▶ _Your objective_
Copy the entries without a single change. Pictures should be dropped.

▶ _Supplied material_
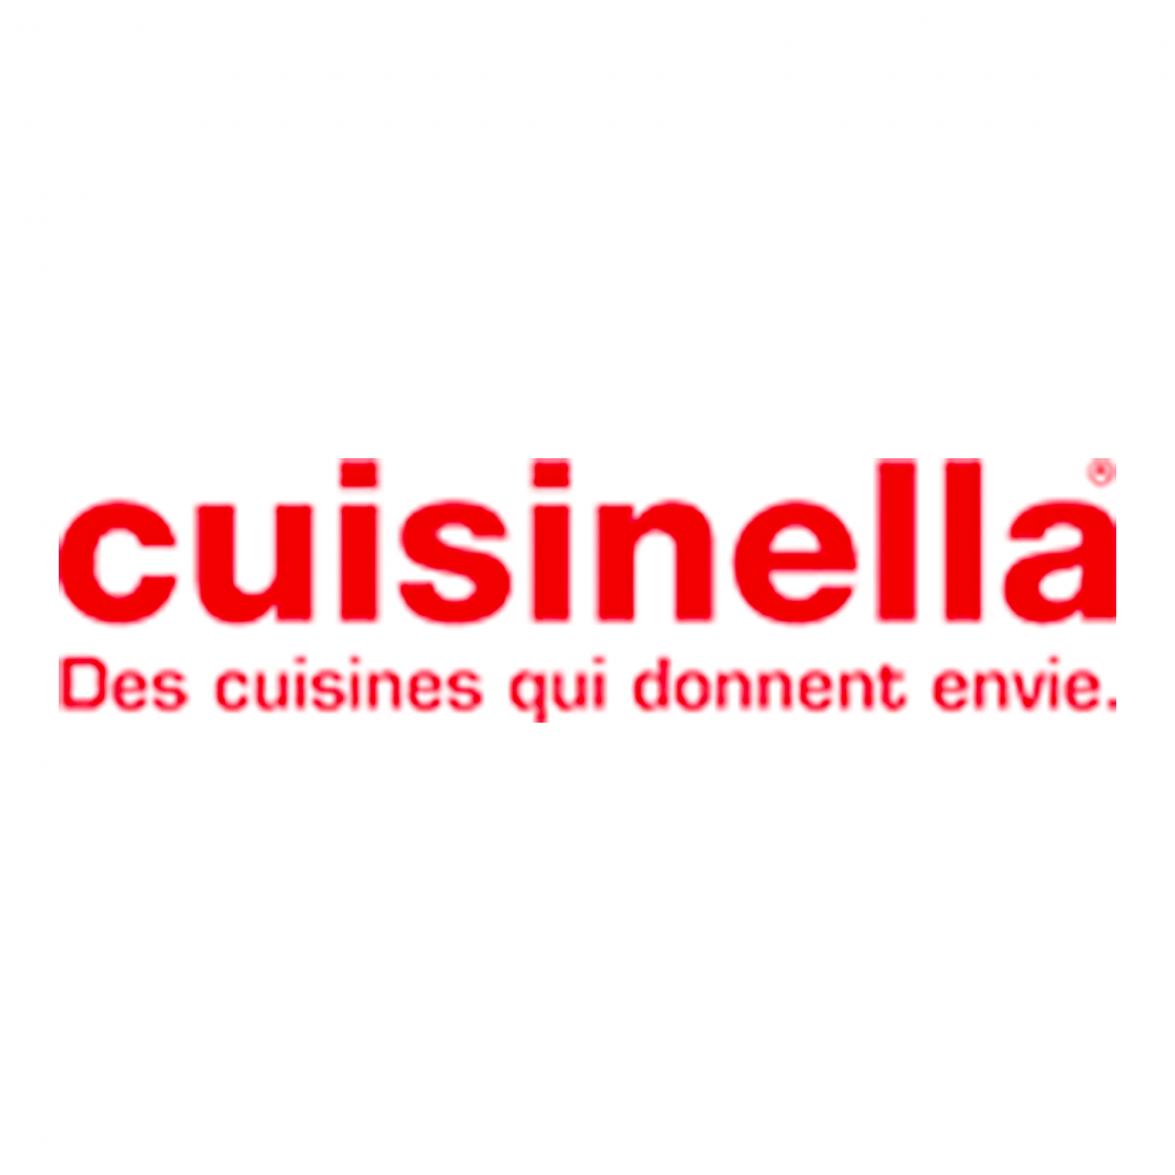 Angèle Von kiss - Mes clients - cuisinella
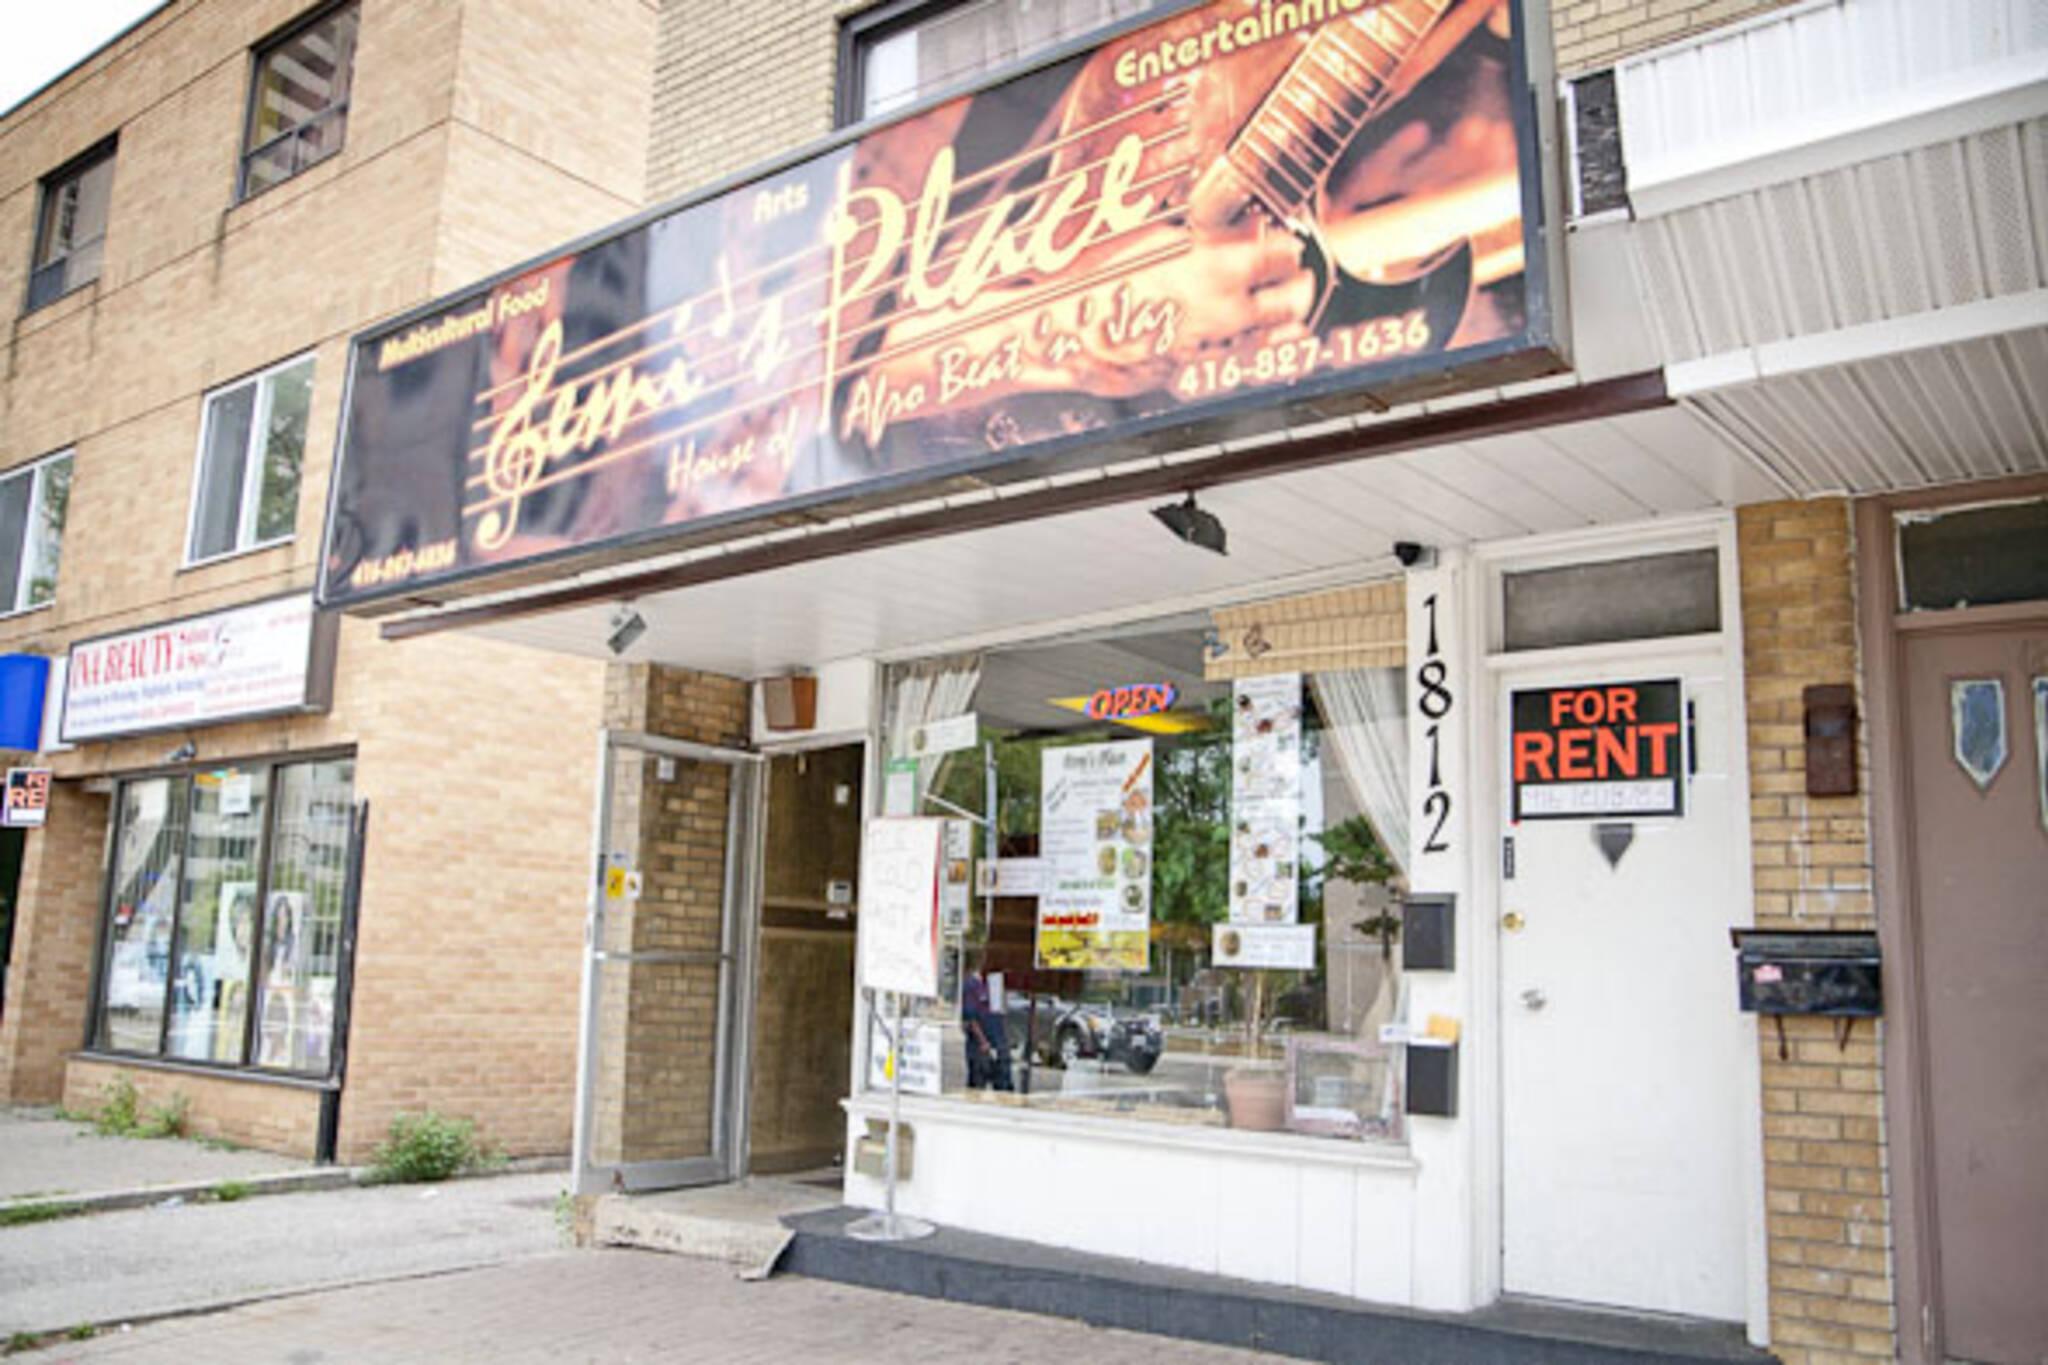 Femis Place Toronto
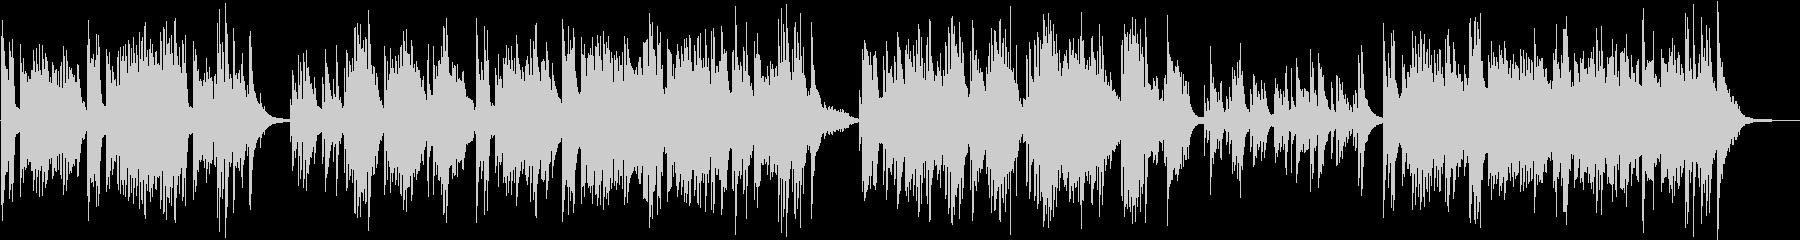 ピアノ演奏による卒業シーンの未再生の波形
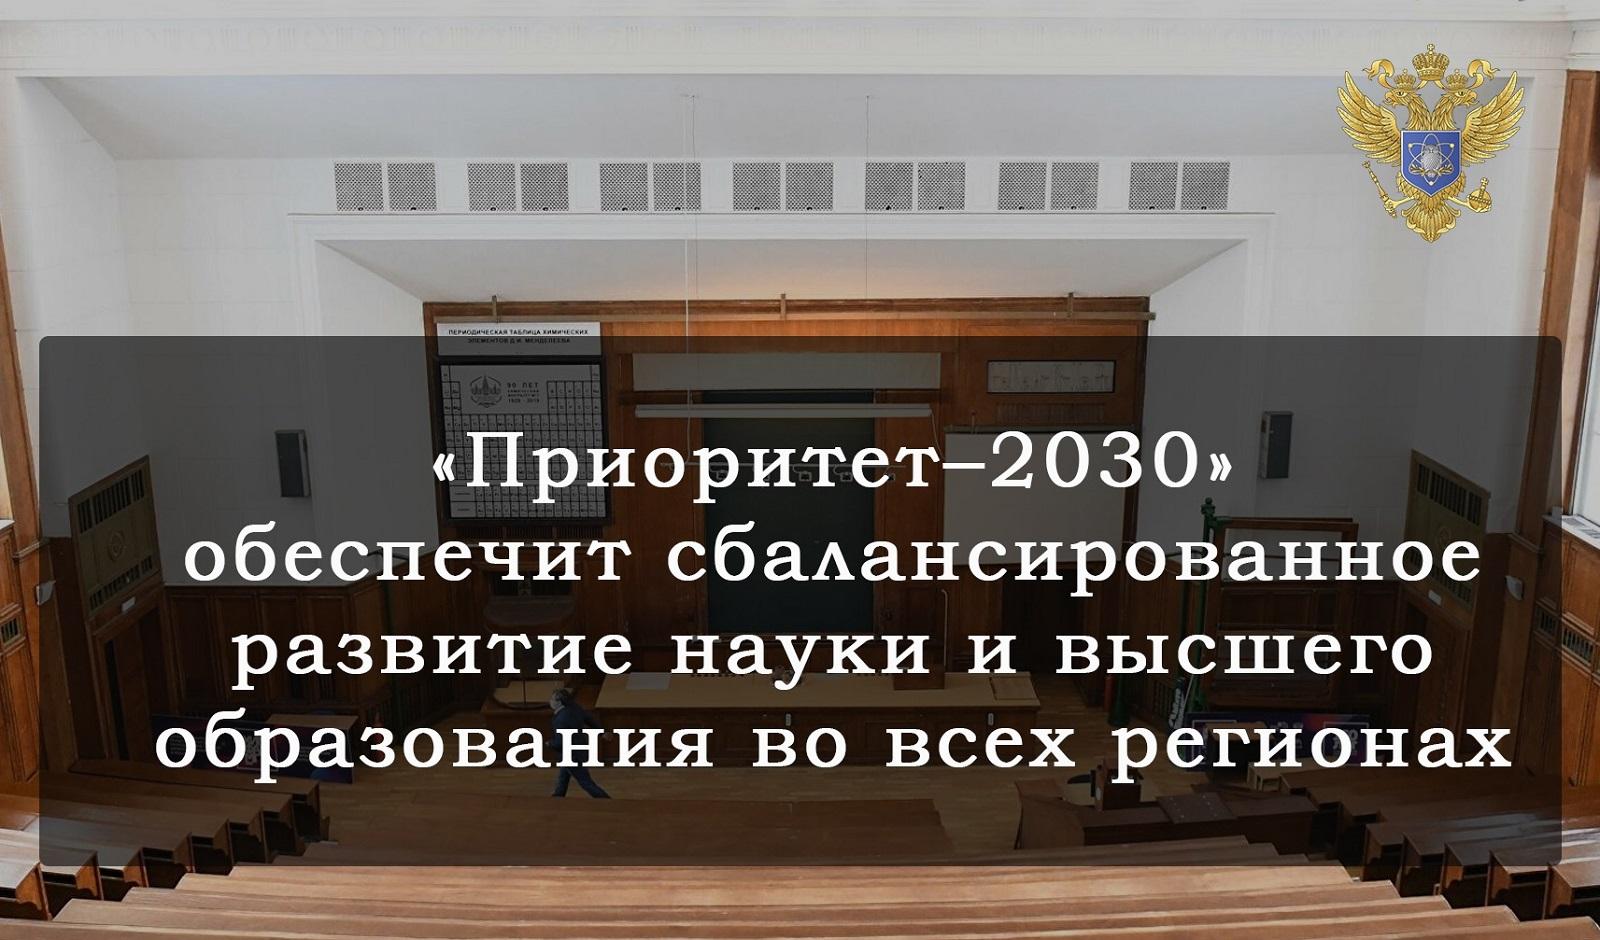 """俄罗斯科学和高等教育部""""优先级-2030""""计划介绍插图-小狮座俄罗斯留学"""
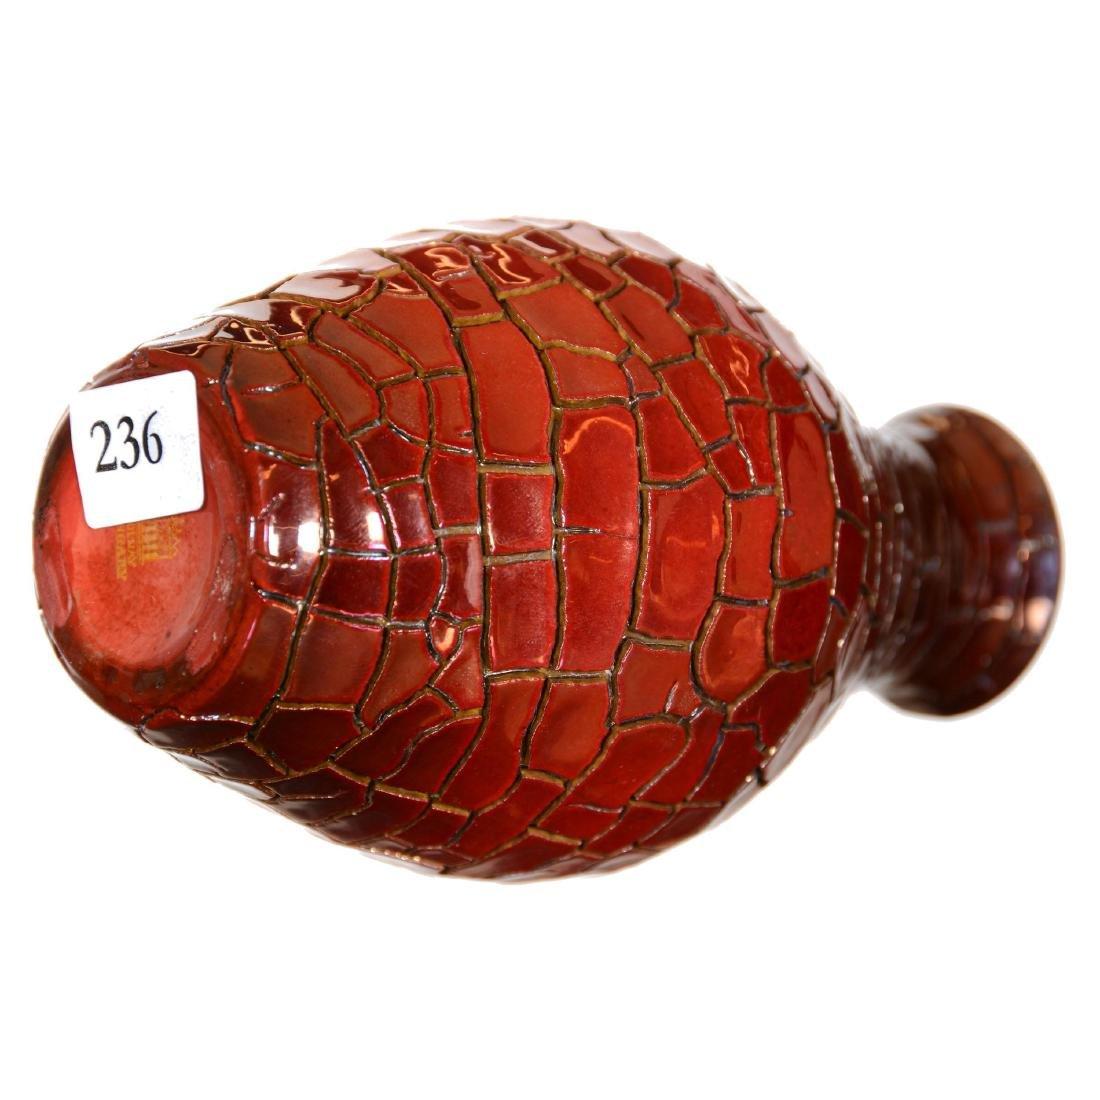 Zsolnay Art Pottery Vase - 2

▶ _Output for this exercise_
 Angèle Von kiss - Mes clients - cuisinella
 Femis Place Toronto
 ピアノ演奏による卒業シーンの未再生の波形
 """俄罗斯科学和高等教育部""""优先级-2030""""计划介绍插图-小狮座俄罗斯留学"""
 Zsolnay Art Pottery Vase - 2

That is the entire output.